Comparisons between paired groups were performed using independent Student’s t-tests. For all analyses, the probability of a type I error ≤0.05 was considered as statistically significant. Each test was repeated on five separate samples.
Results and discussion
AgNPs were synthesized via a reduction reaction using a syringe pump-assisted ultrasonication method. Ultrasonics minimized the ionic concentration gradient and enhanced mass transport at the solid sphere–liquid interface, thereby producing homogeneous sphere-shaped NPs.
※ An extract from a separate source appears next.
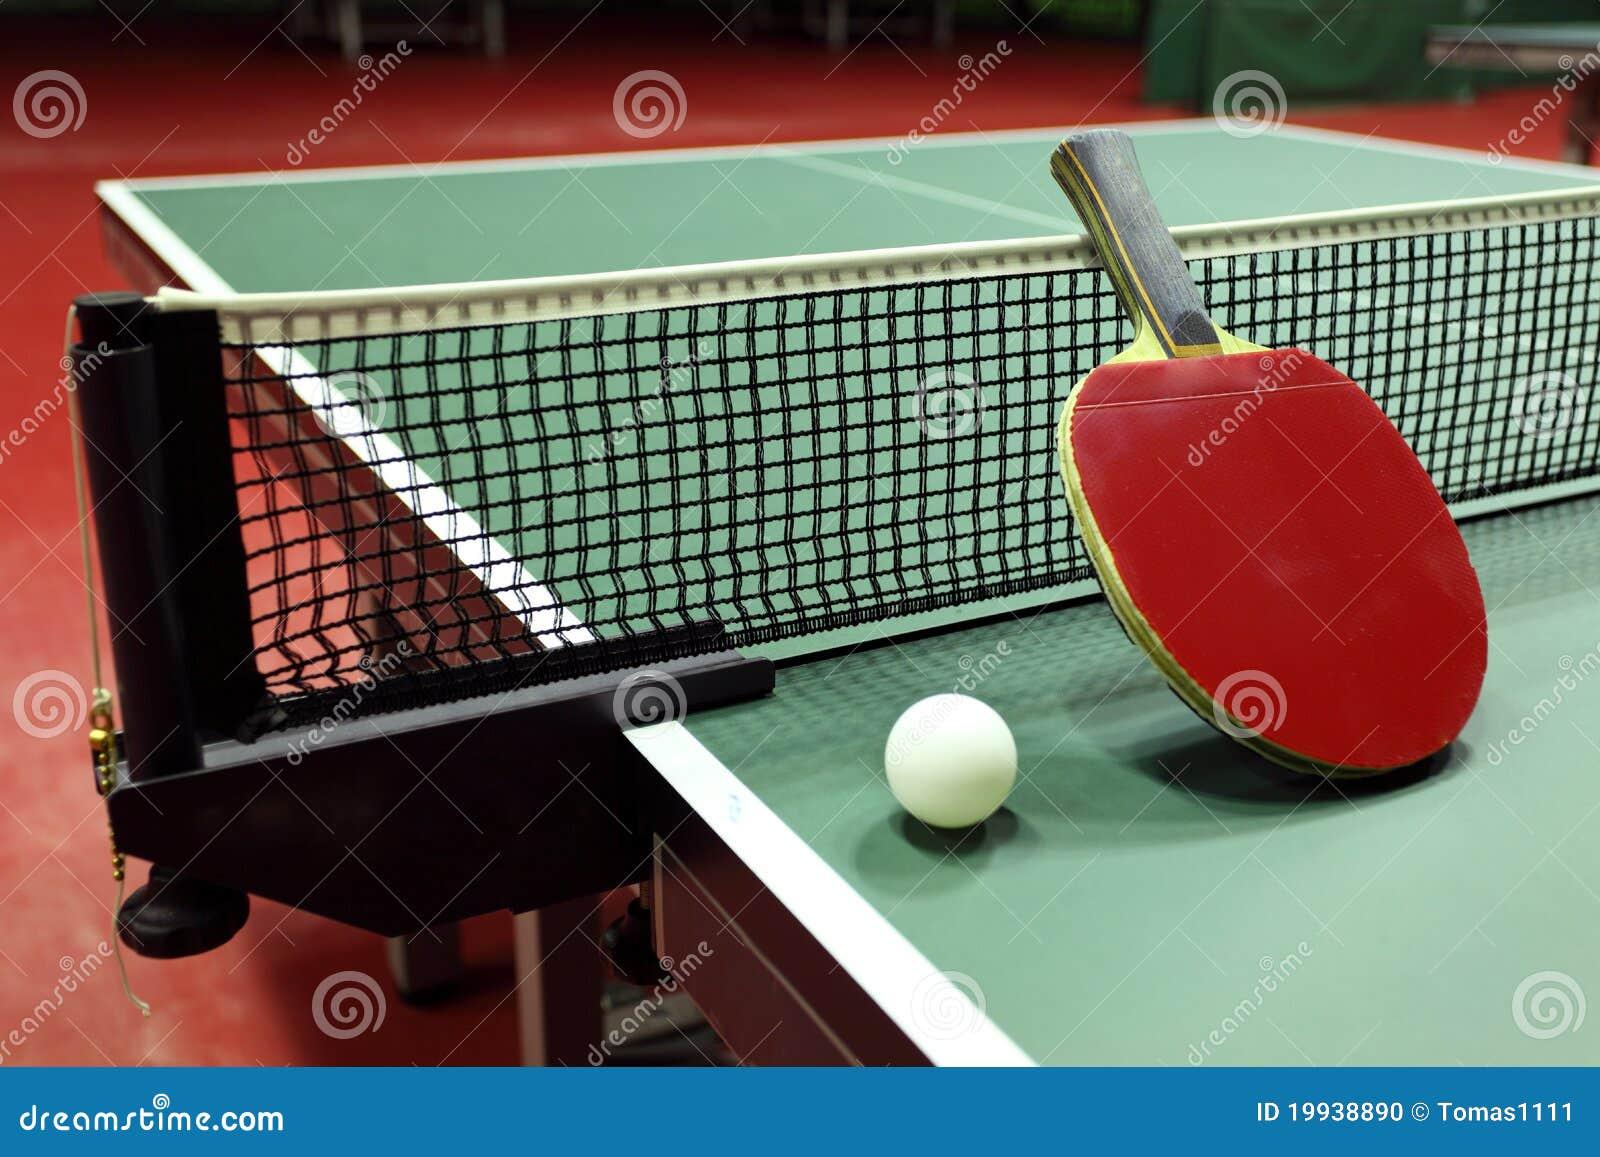 Equipment for table tennis racket ball table stock image 26888437 - Equipment for table tennis ...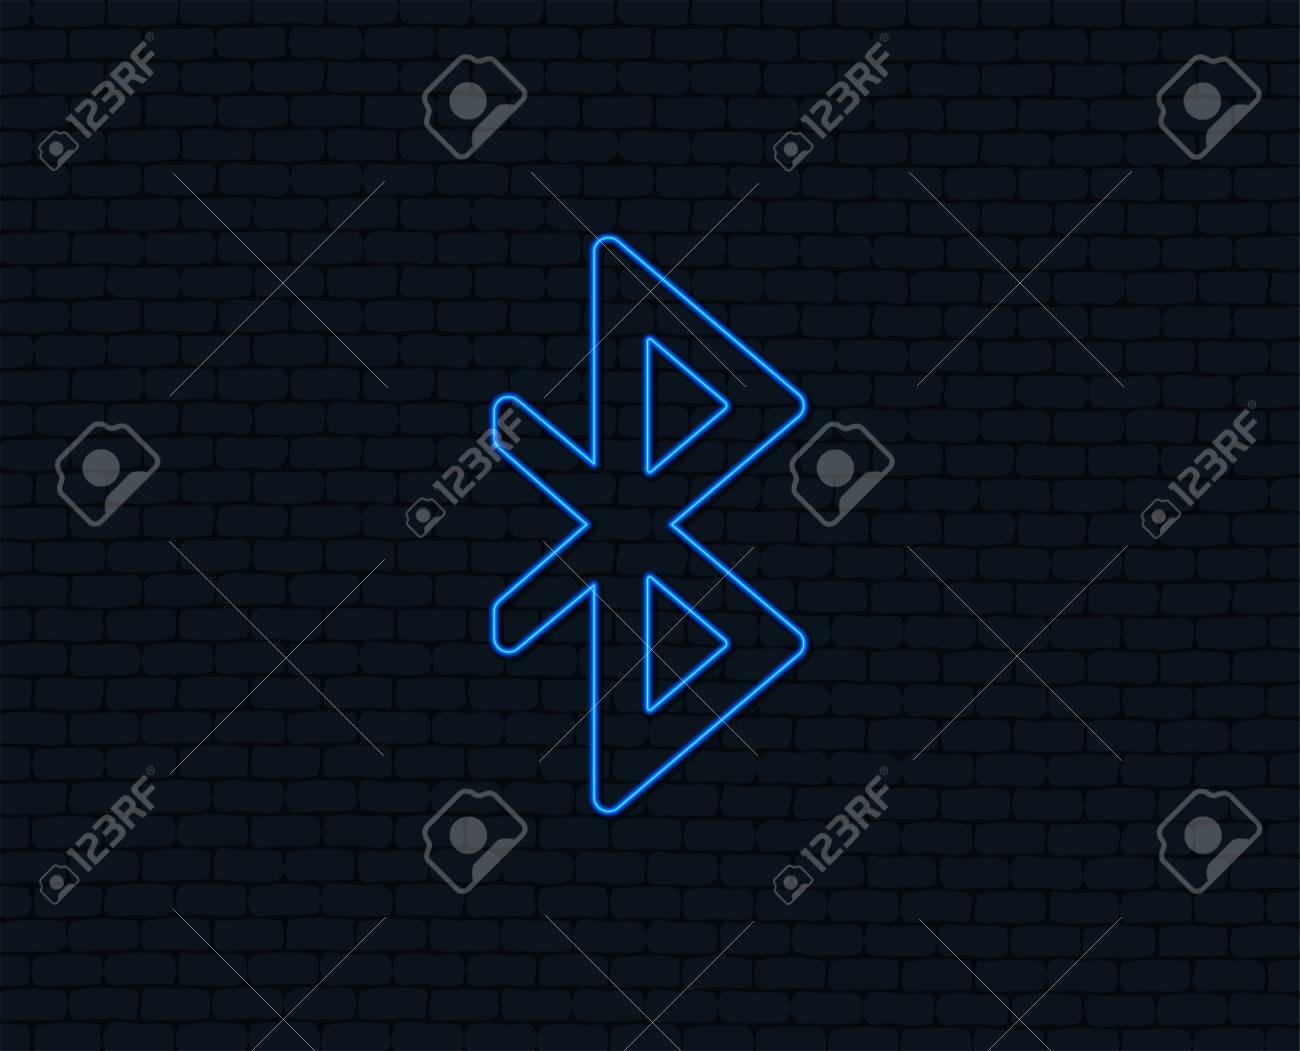 Neon Light Bluetooth Sign Icon Mobile Network Symbol Data

The morphology of the newly synthesized AgNPs was characterized. Figure 1A–C shows the AFM, high-resolution transmission electron microscopy, and FE-SEM images of the sphere-shaped AgNPs, respectively. The corresponding high magnification images are also given in lower panel of Figure 1A–C. All imaging modalities yielded highly similar results. The surface roughness of the AgNPs was moderately smooth, with a root mean square (RMS) roughness of 3.44 nm (Figure 1E). The average size of the AgNPs was 19.5±7.7 nm; the size distribution is shown in Figure 1G and indicates near-homogeneity NP preparations with negligible aggregation. The surface charge (ζ potential) of the AgNPs in the culture media was -18±0.6 mV. Structural confirmation was analyzed using UV spectroscopy, EDX, and XRD. AgNPs were associated with strong surface plasmon resonance absorption curves between 380 nm and 440 nm (Figure 1D). In addition, the XRD (Figure 1F) patterns of AgNPs showed relatively sharp peaks at ~37.68°, ~44.02°, ~64.24°, and ~81.46°, induced by crystalline planes of silver that were assigned as (111), (200), (220), and (222), respectively. Elemental analysis revealed a 99.27% silver content, indicating an impurity-free AgNPs synthesis (Figure 1H). The AFM-FS study yielded an AdF of 2.1±0.3 nN and stiffness of 46.7±5.8 MPa for AgNPs.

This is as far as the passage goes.